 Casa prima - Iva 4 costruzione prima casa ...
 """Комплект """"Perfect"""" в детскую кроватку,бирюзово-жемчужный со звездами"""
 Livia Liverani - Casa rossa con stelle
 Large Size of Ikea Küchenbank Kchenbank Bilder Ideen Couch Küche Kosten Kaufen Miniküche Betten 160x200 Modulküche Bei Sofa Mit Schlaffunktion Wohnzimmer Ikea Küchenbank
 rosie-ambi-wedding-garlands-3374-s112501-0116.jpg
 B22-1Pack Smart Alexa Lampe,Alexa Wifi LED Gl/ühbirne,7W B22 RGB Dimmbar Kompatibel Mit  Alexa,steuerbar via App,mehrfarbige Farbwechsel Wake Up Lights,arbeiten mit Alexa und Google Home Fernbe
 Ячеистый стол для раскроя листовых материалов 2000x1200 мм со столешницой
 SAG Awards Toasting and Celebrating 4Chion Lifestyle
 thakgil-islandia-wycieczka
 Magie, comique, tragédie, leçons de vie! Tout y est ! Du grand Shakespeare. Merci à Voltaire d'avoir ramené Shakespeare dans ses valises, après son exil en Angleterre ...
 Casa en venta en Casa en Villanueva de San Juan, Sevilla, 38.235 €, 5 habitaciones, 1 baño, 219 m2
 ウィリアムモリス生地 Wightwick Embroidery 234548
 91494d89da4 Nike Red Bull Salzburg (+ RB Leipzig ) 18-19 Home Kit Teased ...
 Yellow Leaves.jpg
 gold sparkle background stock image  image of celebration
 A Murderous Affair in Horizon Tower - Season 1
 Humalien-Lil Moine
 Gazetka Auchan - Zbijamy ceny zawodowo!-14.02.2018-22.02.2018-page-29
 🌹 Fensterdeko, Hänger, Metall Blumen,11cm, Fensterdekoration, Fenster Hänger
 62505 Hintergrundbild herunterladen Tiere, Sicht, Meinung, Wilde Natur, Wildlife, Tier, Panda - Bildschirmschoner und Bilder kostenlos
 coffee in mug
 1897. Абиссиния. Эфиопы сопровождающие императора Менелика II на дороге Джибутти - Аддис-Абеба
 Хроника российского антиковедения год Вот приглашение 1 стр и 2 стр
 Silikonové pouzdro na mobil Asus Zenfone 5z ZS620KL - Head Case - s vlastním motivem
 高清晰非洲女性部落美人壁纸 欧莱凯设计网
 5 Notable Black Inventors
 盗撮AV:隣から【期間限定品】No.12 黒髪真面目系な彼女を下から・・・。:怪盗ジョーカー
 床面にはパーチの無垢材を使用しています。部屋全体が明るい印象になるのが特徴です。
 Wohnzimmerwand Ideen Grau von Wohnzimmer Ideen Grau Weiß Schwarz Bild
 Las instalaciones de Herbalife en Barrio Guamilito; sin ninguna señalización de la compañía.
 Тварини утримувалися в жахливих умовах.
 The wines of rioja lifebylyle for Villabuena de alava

◇ ◇ ◇

• _What the exercise asks_:
Only one number is needed: please count the lines of the entries above in which the string "Home" occurs.

• _Output of the exercise_:
2